На следующий день мне предстояло состязаться с сорокалетними сверстниками. Только после многокилометровых прогулок по жаре я уже толком не помню, в какую сторону бежать и какой ногой отталкиваться. Находясь на грани солнечного удара, я все-таки разглядел и запомнил Валерия Брумеля. Он для спорта все равно что Гагарин для космоса. Не было у меня в юности большего кумира. Меня даже знакомят с Брумелем, представляя как журналиста, на что он отвечает, хотя я и не просил, что на интервью у него нет свободного времени…
После «Непшстадиона», опустошенный недавней схваткой с жарой, возвращаюсь в спецприемник школы и вижу фанерную стрелку на стене. Один переводчик с финно-угорских языков обучил в Питере двум словам: «шор» и «бор». На стрелке начертано «Бор», то есть «Вино»… На родине тогда буйствовал алкогольный дефицит, и я устремился по направлению, указанному стрелкой. «Бор» находился в подвале. В прохладной тишине скучающий продавец в кожаном фартуке прямо из бочки накачал в полиэтиленовый баллон 1,5 литра мускателя за восемьдесят форинтов. 1,5 литра для меня многовато, но почти каждому человеку хочется всего и сразу.
Возле школы на парапете газона сидит и скучает Космический Прыгун.
– Добрый день, – говорю.
– Добрый день, – отвечает. – А что это у тебя такое?
– А это у меня сухой венгерский «бор» мускатель. Венгерские же «боры» по праву считаются одними из лучших в Европе.
– Что ж, я готов дать тебе интервью. Ты же просил!
– Конечно! – восклицаю я и начинаю брать интервью, в течение которого мы, пользуясь своим местонахождением, несколько раз совершаем антидефицитные демарши.
– Для меня это цирк. Шапито! Клоунада какая-та, – говорит интервьюируемый по поводу ветеранских соревнований. – Я же профессионал. Космический Прыгун! Видишь часы?
Космический Прыгун снимает часы. На оборотной стороне дарственная надпись по-английски.
– Голландская королева подарила. Нет, английская! Может, мне часами торговать? Я – пур мен. Нищий! Меня почетным гостем пригласили, а форинтов не дали. Вчера из шведской газеты подходит – можно интервью? Мое интервью двести долларов стоит.
Мы уже в пятый раз идем в «Бор», а Космический Прыгун говорит по дороге просто так, ему, я вижу, скучно со мной, но одному, похоже, еще скучней:
– Тут один три «Хольстена» взял, а после заявляет мне: «Кто ты такой?» Он – кооператор, двадцать тыщ в месяц клепает, а у меня пенсия еле-еле на хлеб. Но я-то Космический Прыгун, а он в финал на Токийской Олимпиаде не попал. Он мне все про купленное пиво, а я ему говорю: «Тебя в Москве на кол посадят, бензином обольют и подожгут рэкетиры, а меня в Америку зовут лекции читать. Лекция – пять тысяч долларов».
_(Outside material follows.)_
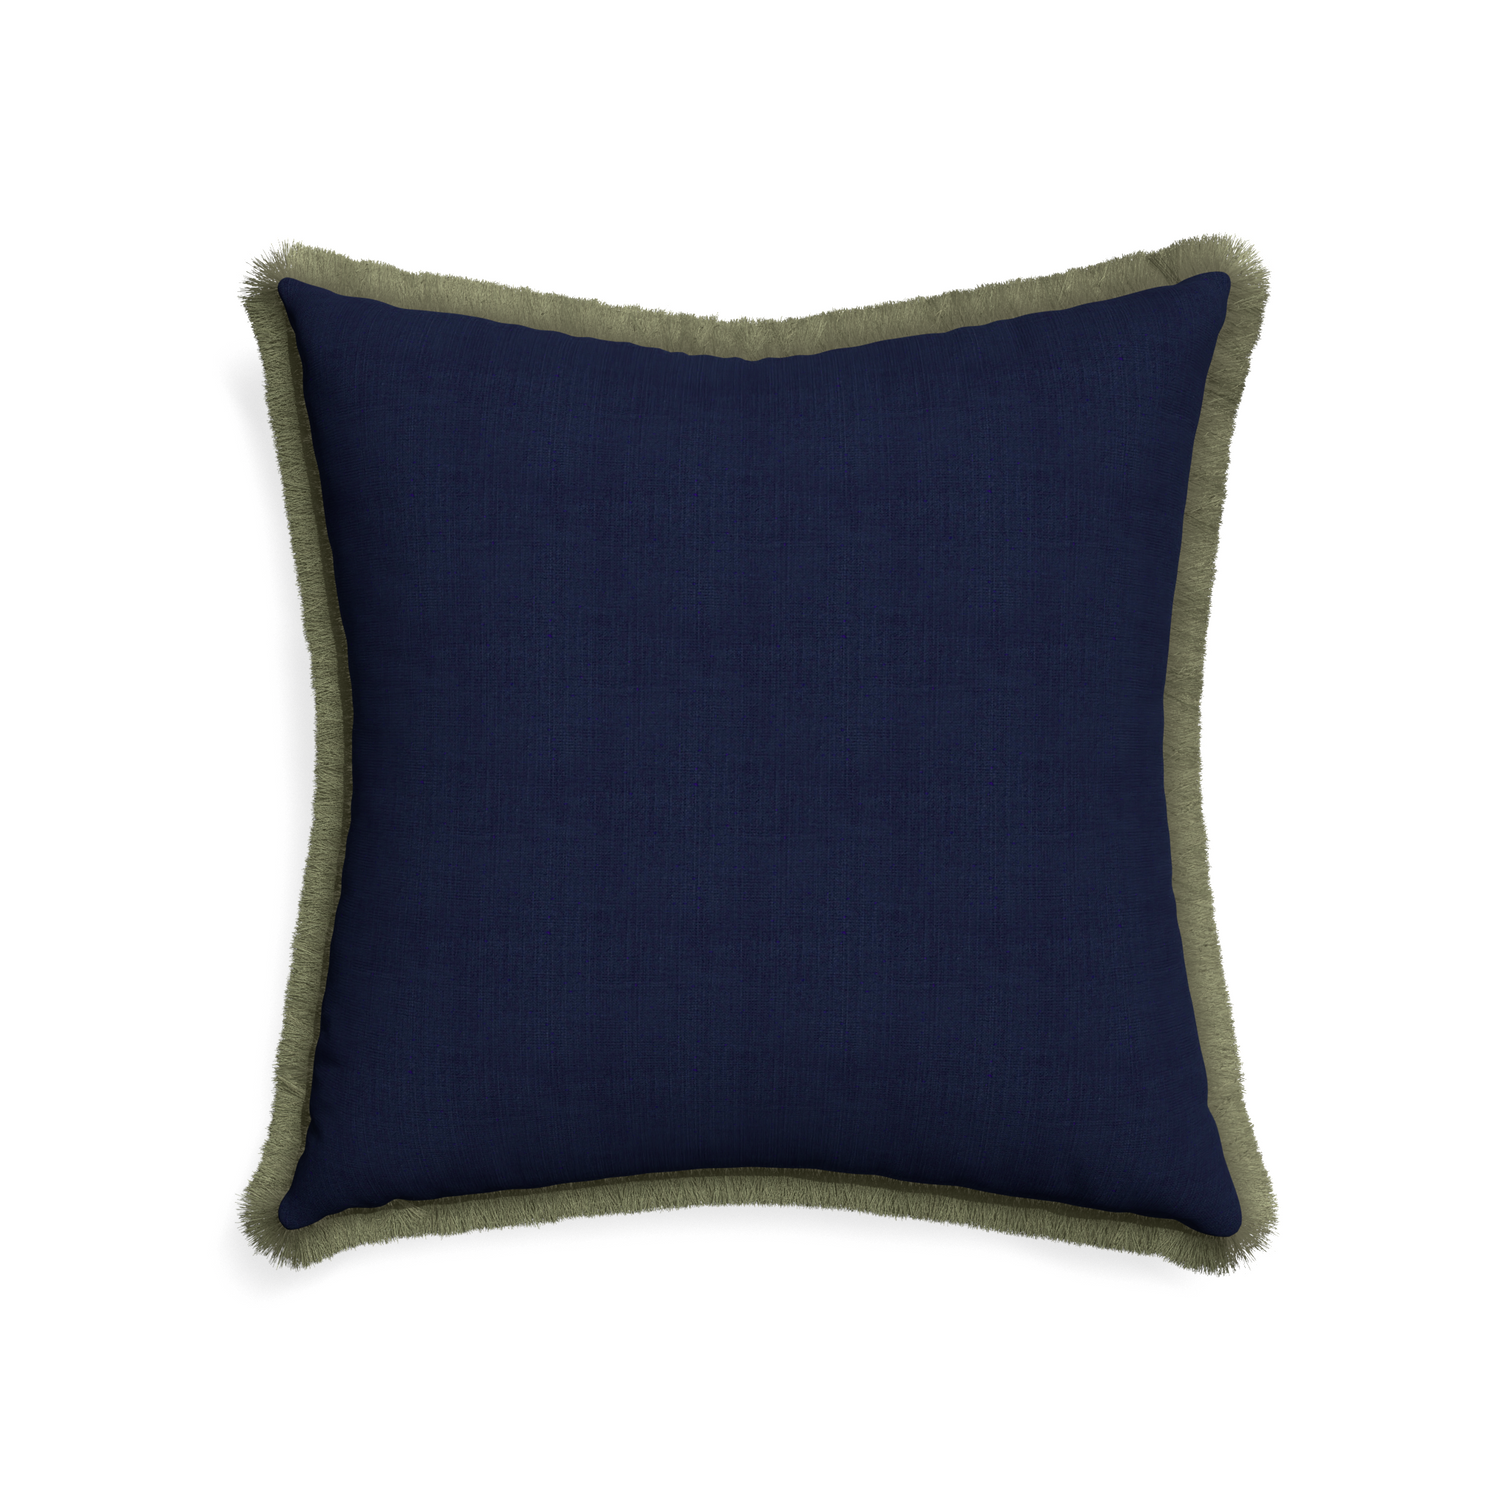 22-square midnight custom navy bluepillow with sage fringe on white background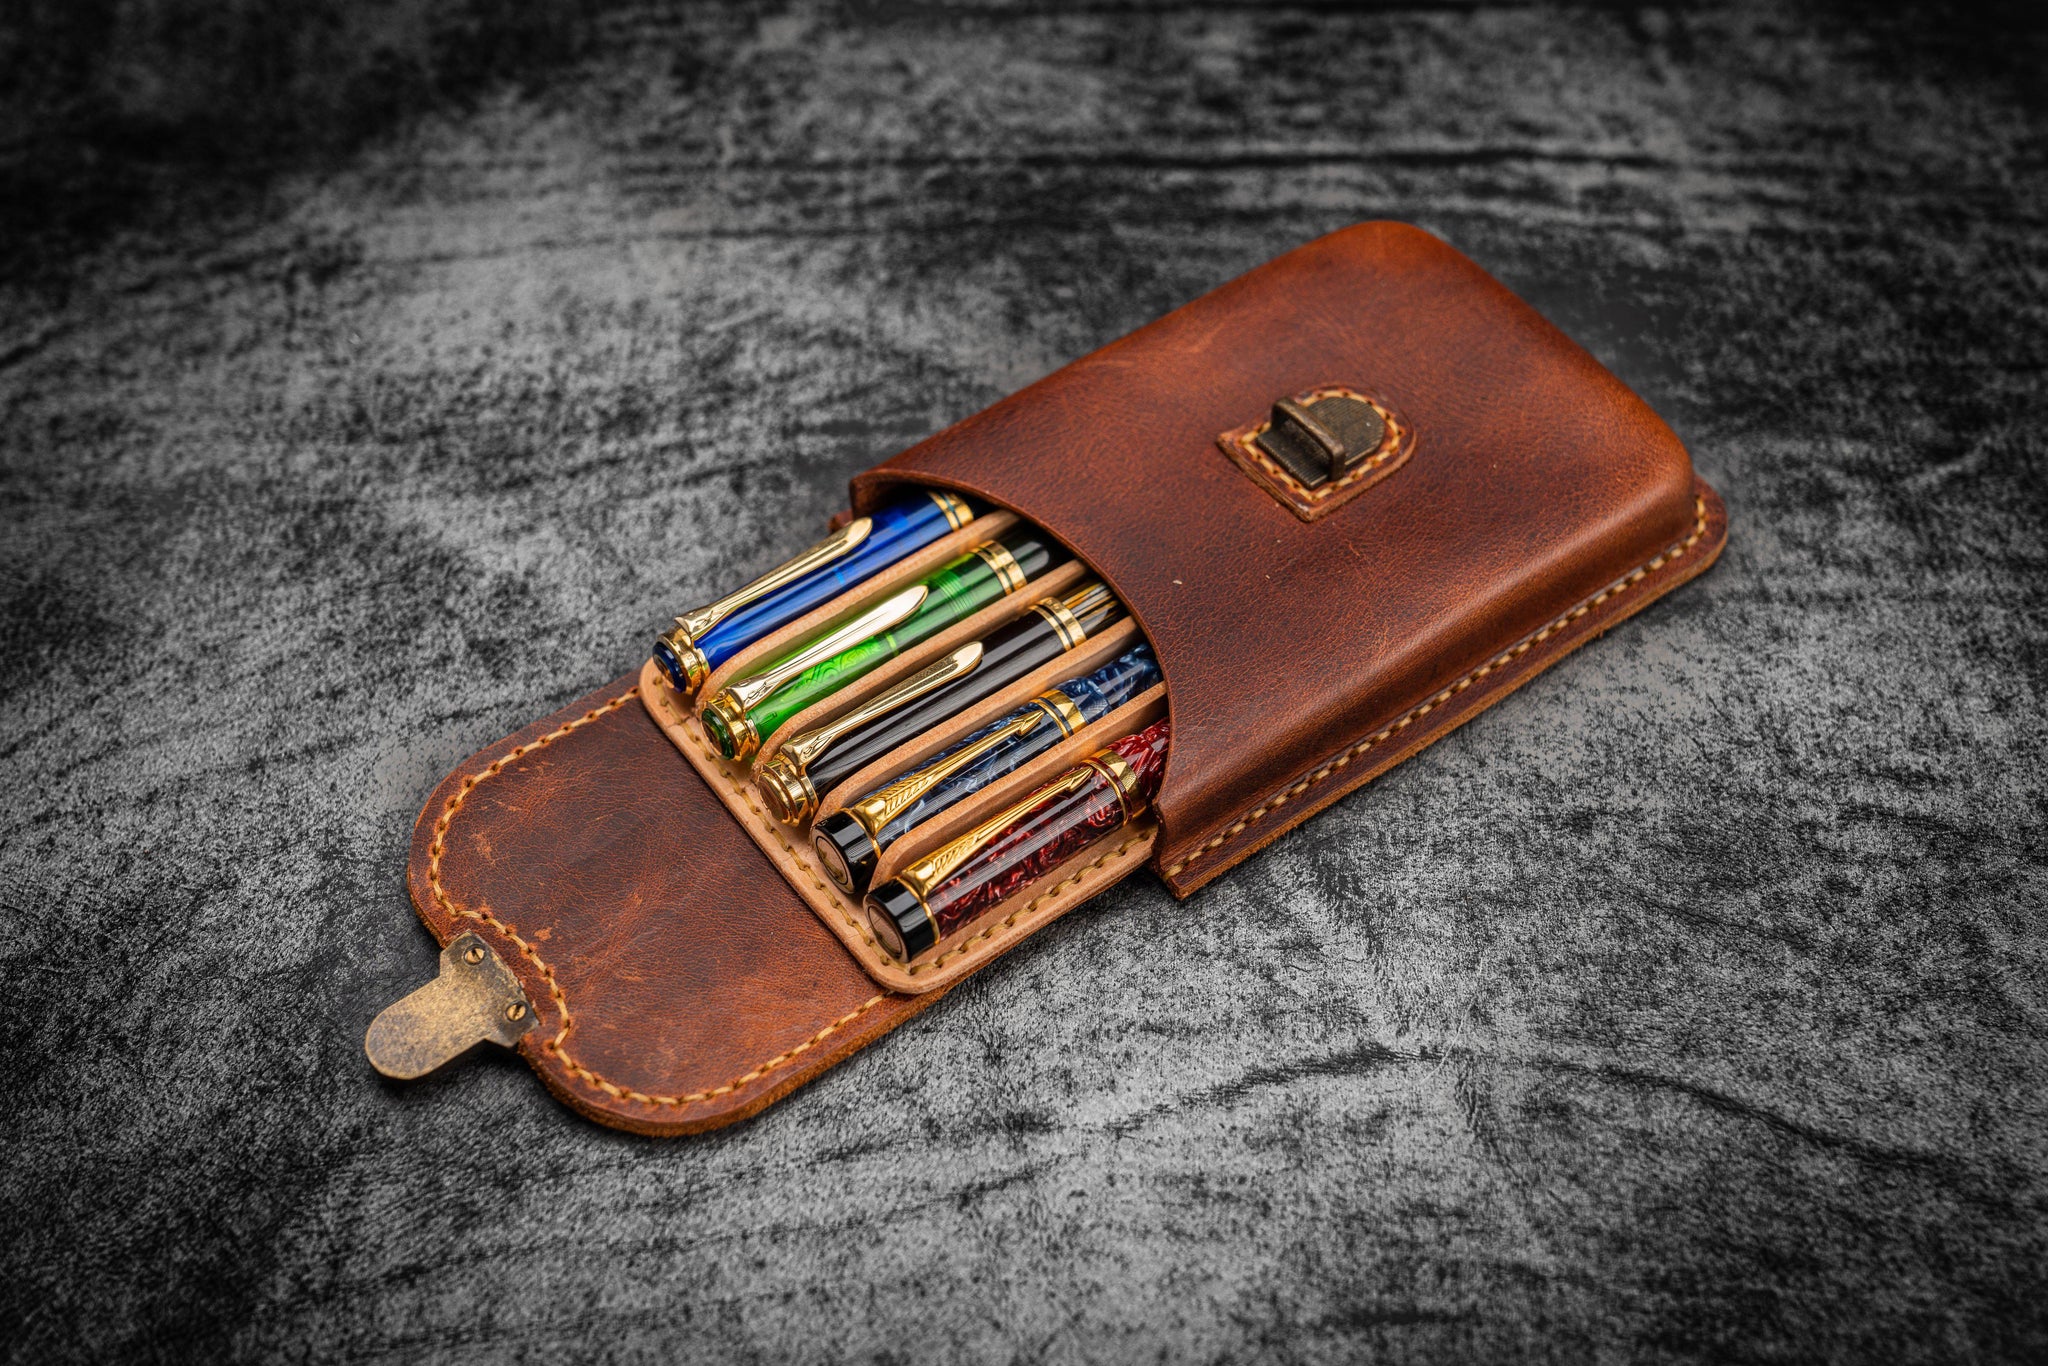 Handmade Leather Pen Roll - Galen Leather

– Какой гад! – кричу и плачу. – Как он смел так Космическому Прыгуну!
– Они мне все завидовали. Всегда. Даже Тер-Ованесян. Всегда мечтали, что б плохо. Кому они теперь нужны? Мне на приеме вчера: «Вы и в Финляндии будете почетным гостем». И футболки дали. Три штуки.
После мы в общаге поглощаем «бор». Затем Прыгун дремлет в кресле, а я ухожу прочь и, плохо соображая, таскаюсь полночи по чужому городу в поисках школы…
Сон мой крепок и обилен, на грани кошмара. В полдень я выхожу из школы. На парапете сидит Космический Прыгун и по-приятельски улыбается.
– Привет, – говорит. – Ты же вчера хотел интервью взять. Надо было мне со шведа двести долларов взять, да не взял. Но ты не швед! Это факт. Тут один дед просится поговорить. Ему капиталисты форинтов надавали на память. Все должно быть честно, вчера – ты, сегодня – я…
Дед оказался фантастический: шестидесятичетырехлетний Николай, демократ и радикал из Костромы. Он завоевал две серебряные медали в беге среди сверстников и теперь мог себе позволить.
В «Боре» нас встречали как постоянных клиентов. После второго захода я стал беспокоиться за демократа Николая. Он кричал на весь этаж общежития, размахивая стаканом:
– Мы говорим «нет» консерваторам! Мы говорим «да» рынку и частной собственности! Мы говорим «нет» административно-командной системе! В горкоме мне говорят: «Тебя, Коля, пора в сумасшедший дом». Но мы говорим: «Нет, этот номер не пройдет!» И тогда я возглавил митинг и призывал по радио…
К Космическому Прыгуну в комнату заглянул Эгидус, симпатичный журналист из Литвы.
– Мы говорим «да» свободной Литве! Мы говорим: «Нет, они не пройдут!» – орал дедушка и сжимал кулак возле уха, как Бертольд Брехт.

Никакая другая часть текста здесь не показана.